# Help identify this green clump algae



## Markalot (Feb 14, 2007)

What kind of algae is this and what might be the cause.

This is growing on eco-complete substrate in a 20 gallon long tank that's been set up for 8 months. I use Excel in this tank, normal dose, and occasionally (which I'm sure caused this problem) dose with Seachem Flourish, Iron, and N, P, K.

The cherries don't eat this stuff.



















Thanks!


----------



## JustOneMore21 (Mar 19, 2007)

Looks like the nasty Cladophora algae to me. I just tore my 29g apart tonight because clado was overtaking everything. 

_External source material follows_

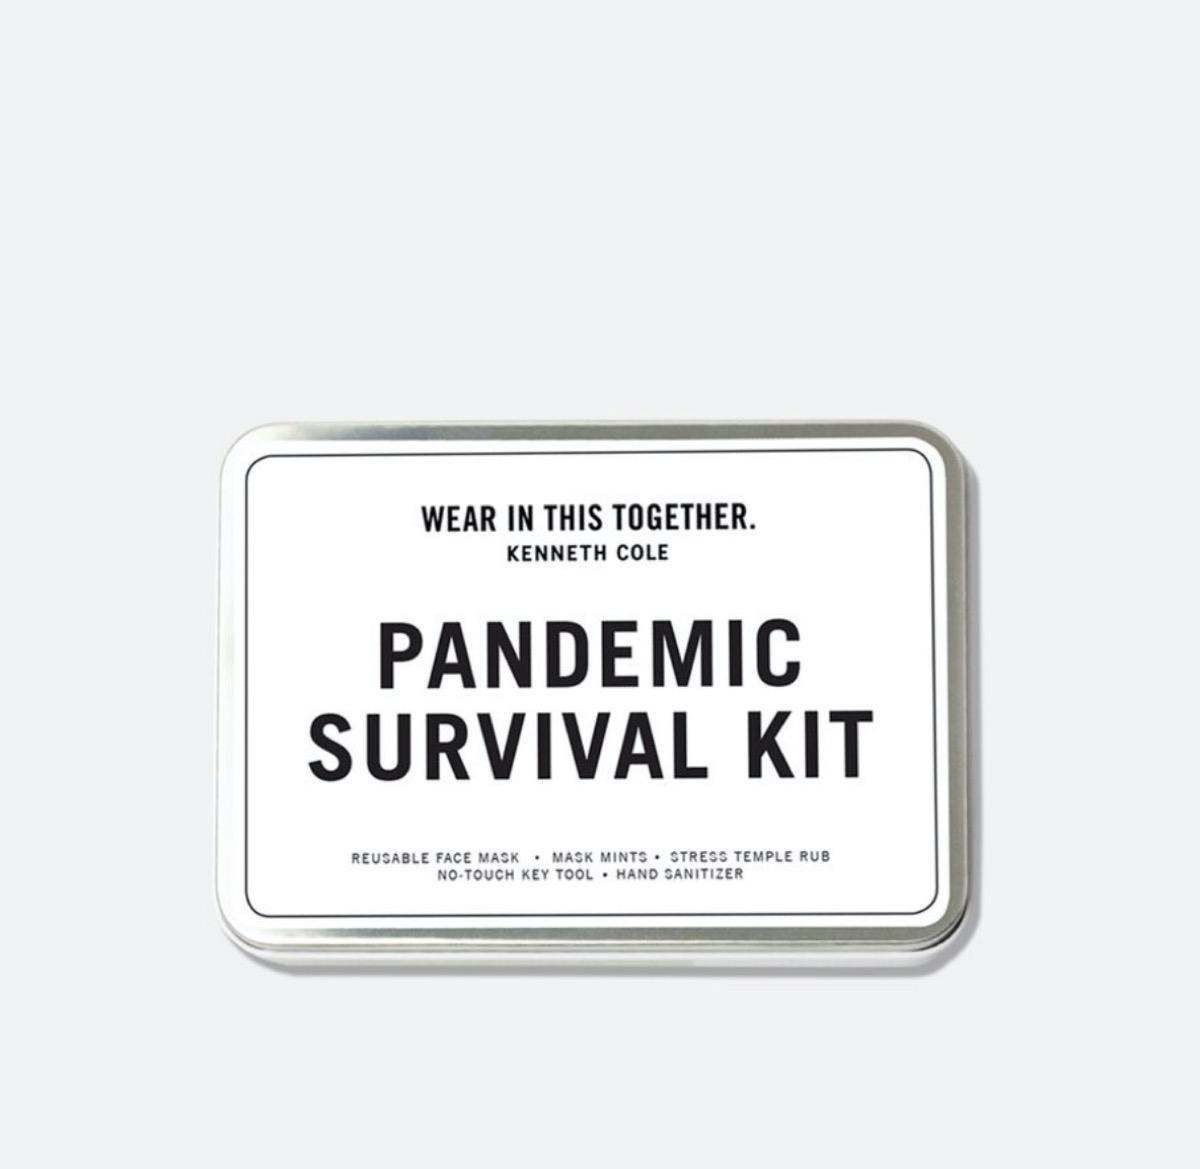 pandemic survival kit in white box
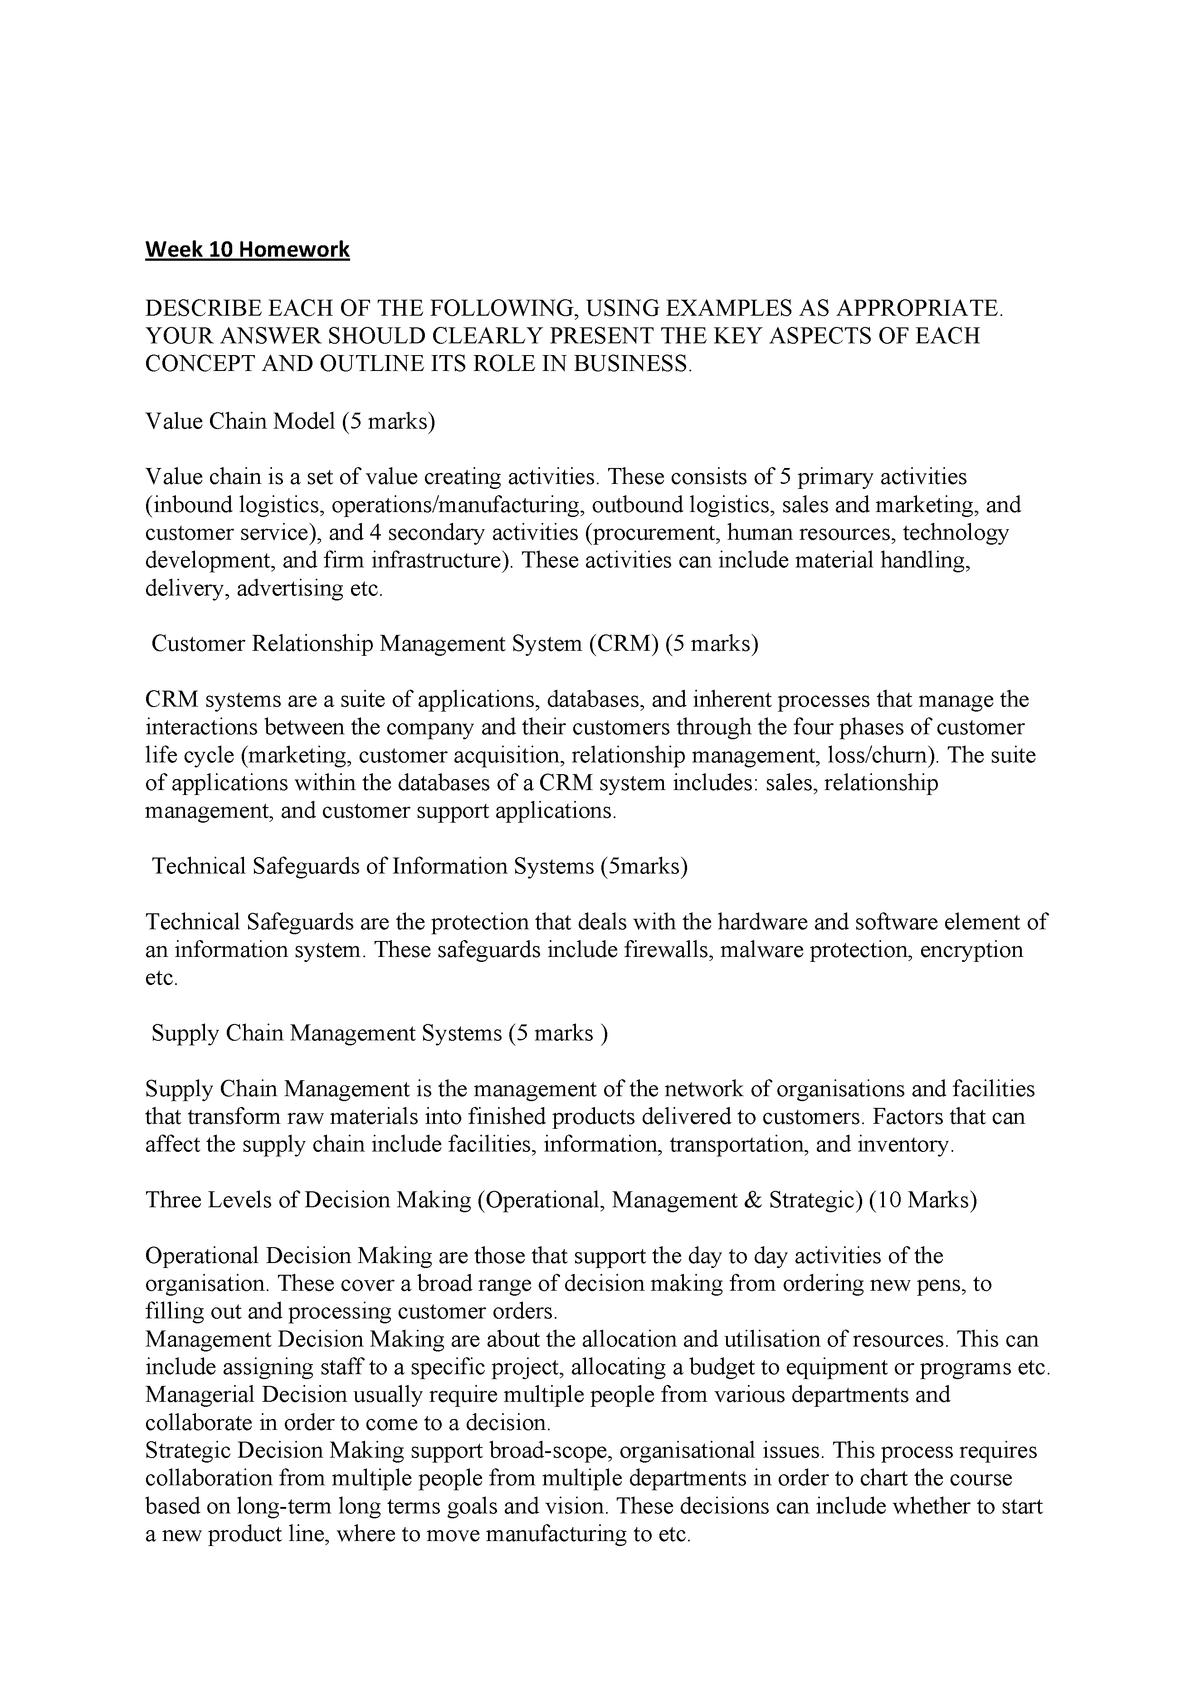 Week 10 Homework - 1602: INFS - StuDocu

Pick out what you can and try to squirt Excel directly on what grows back. It's a tough battle though. Good luck!


----------



## mikenas102 (Feb 8, 2006)

That's a pretty serious case of Clado. Good luck with that one. Do like JustOneMore said for treating it but it's tough to get rid of this stuff.


----------



## frozenbarb (Feb 8, 2007)

It looks nice on your tank 
Looks like a nice grassy field


----------



## Afyounie (Aug 10, 2007)

Yea thats clado, and its startin to do the same thing in my tank and is covering my micro sword grass. I'm tryin excel, but its only been 2 days. But it does look nice.


----------



## John7429 (Jan 26, 2008)

Algae looks bad but your shrimp look GREAT!


----------